I used EveryDream2 (https://github.com/victorchall/EveryDream2trainer) to fine-tune the model on the Rico Dataset (http://www.interactionmining.org/rico.html) of UI Screenshots where I wrote a Python notebook to parse over the Semantic Hierarchies of the dataset to create the captions for each screenshot as well as using the Play Store and UI Metadata to use the app categories as extra tags. I have also cropped each UI component of a given screenshot (with exceptions) and labeled them accordingly so that I can train the model on individual UI components first before going for the whole screenshot.  I also used BLIP-2 (https://huggingface.co/Salesforce/blip2-opt-2.7b-coco) to add color names to the UI components in the caption as well as general labelling for certain components.

I run the notebook in Colab local runtime to process the Rico dataset and I primarily split the individual components into two groups for the training process based on the total pixel count of 512x512 = 262,144; components smaller than the threshold are grouped into the small component group, whereas components bigger than that are in the big component group. The model is trained on those groups separately before finally training on the full UIs. You can read the paper listed in Citation at the end for more details.

# Training

I did 7 fine-tuning sessions for 20 epochs on an NVIDIA GeForce RTX 4070 Ti SUPER with 16GB VRAM, taking approximately 57.89 hours to complete 254.1k training steps. I split the small components into 5 parts due to the large number of data (666.7k data) and are trained at batch size 11 and resolution 384 for 5 sessions, the first for 3 epochs and the rest for 2 epochs. The model is then trained on the big components (46.7k data) at batch size 9 and resolution 448 for 4 epochs and finally on the full UIs (65.5k data) at batch size 7 and resolution 512 for 5 epochs. I first did the final session with validation before backing up and redoing it without it to have the model trained on all of the UIs.

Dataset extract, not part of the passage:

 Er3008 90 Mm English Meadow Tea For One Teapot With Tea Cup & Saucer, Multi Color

I have uploaded all of the related training configurations used in EveryDream2 in "ed2-config". The order of the main configuration files used is as follows: "rico_diffusion_v2_comp.json", "rico_diffusion_v2_comp_image.json", "rico_diffusion_v2_comp_icon.json", "rico_diffusion_v2_comp_button.json", "rico_diffusion_v2_comp_list_item.json", "rico_diffusion_v2_comp_big", and finally "rico_diffusion.json". "rico_diffusion_v2_full.json" is the validation version of the final session before backing up and redoing it with "rico_diffusion.json". 

The "v2" part is because I tried fine-tuning the model in a single session with just the UI screenshots using "rico_diffusion_v1.json", no fine-tuning on individual UI components first, calling the new model Rico Diffusion V1 to compare it with the result of "rico_diffusion_v2_full.json" called Rico Diffusion V2 while the model you can access in this repository is just called Rico Diffusion.

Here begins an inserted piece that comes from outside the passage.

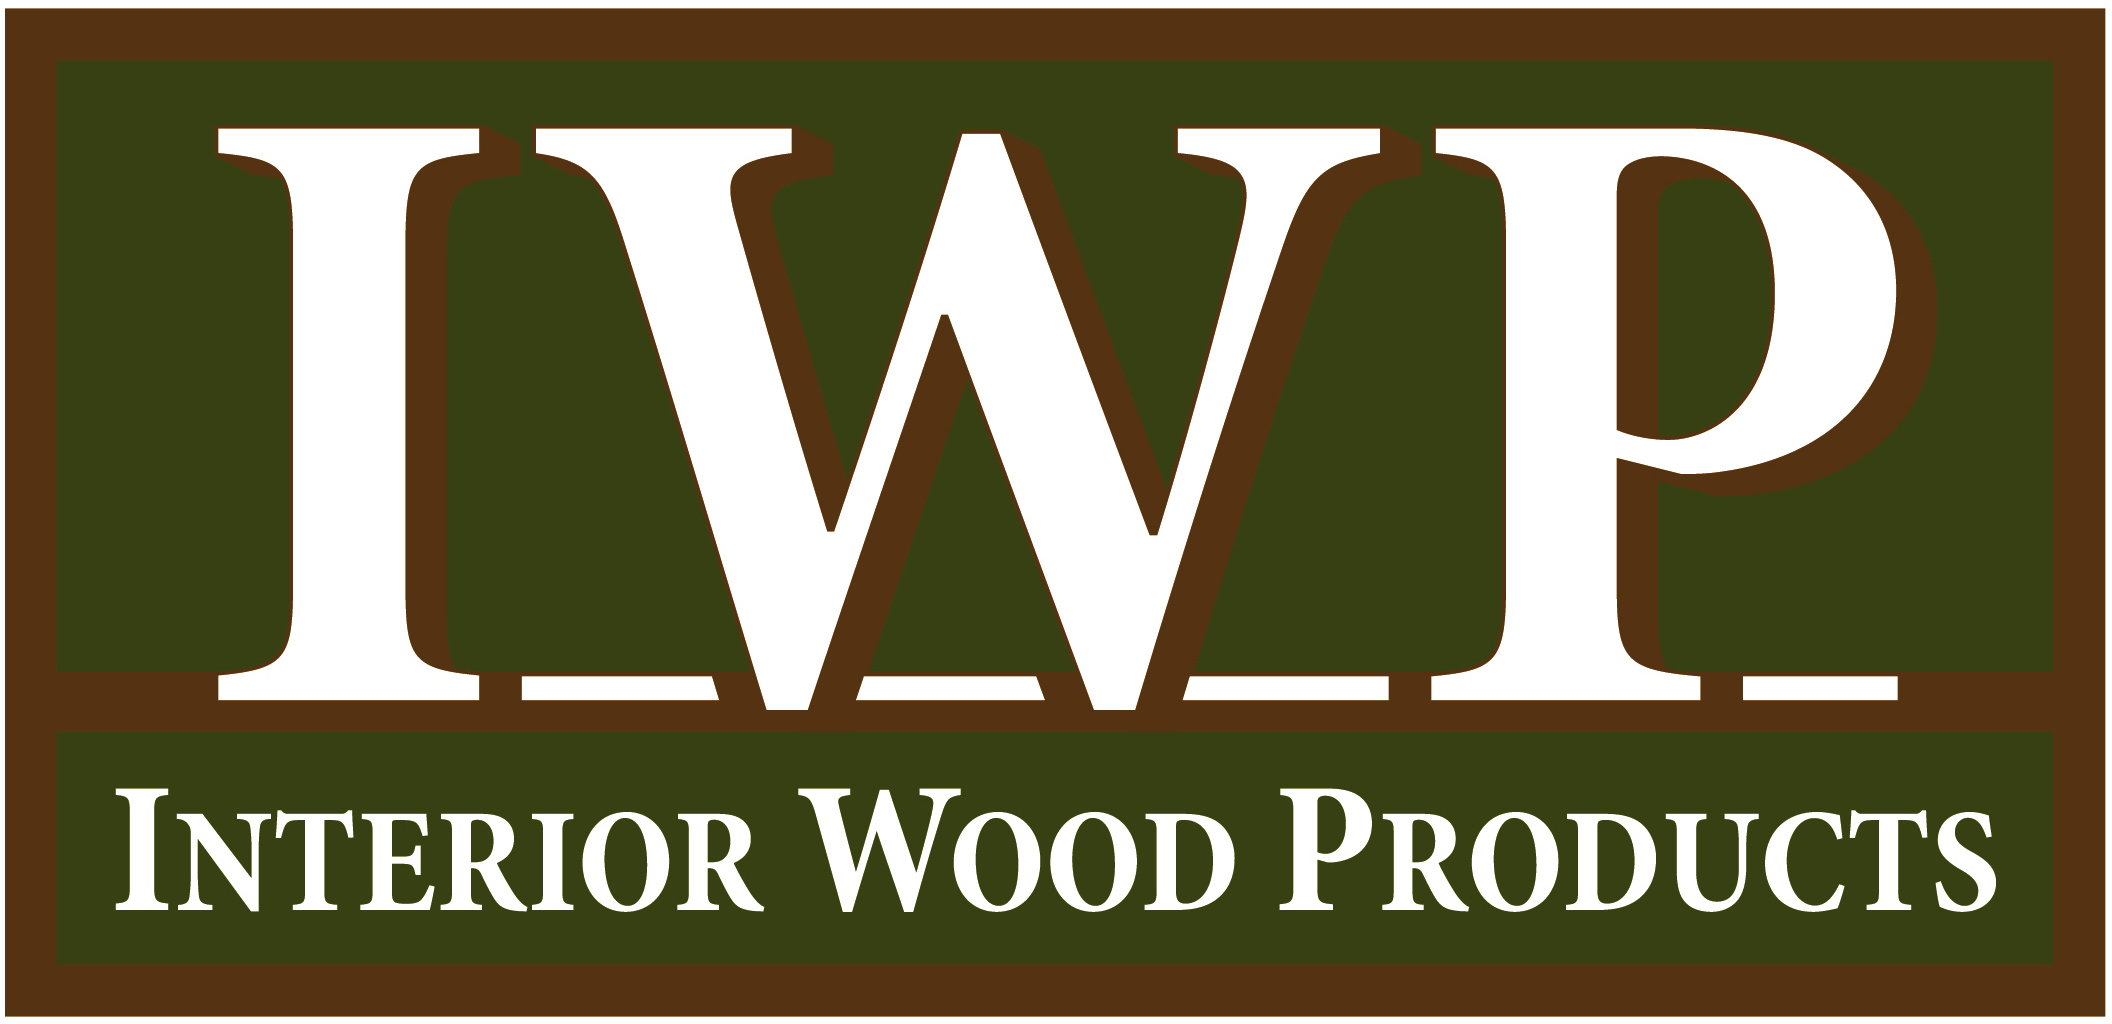 Interior Wood Products

The final model turned out decently well at creating UI mockups. It's still not optimal, especially with many UI components (10 or more) but it is still far better than the base model given that I had to limit the amount of training epochs and batch size due to the limited hardware I have access to.

All images produced in testing can be found in the "results" folder. I tried to reproduce 10 UIs from the dataset and 5 UIs outside of it by screenshotting various apps on my phone and then manually creating the caption as close to the script and saving the results in their sub-folders given the name of the data-id and app name respectively. For each sub-folder, I generated 4 images with and without GLIGEN using Rico Diffusion and the base Stable Diffusion 1.5 model for comparison. It also contains the prompts and GLIGEN inputs used among other things related to the testing.

# Prompt

This model is fine-tuned to work with component-based prompts so that you have better control over what UI component is included in the image and where it is placed by specifying every component in the prompt instead of writing a vague outline of what the UI is supposed to be like "An Android UI of a login page". 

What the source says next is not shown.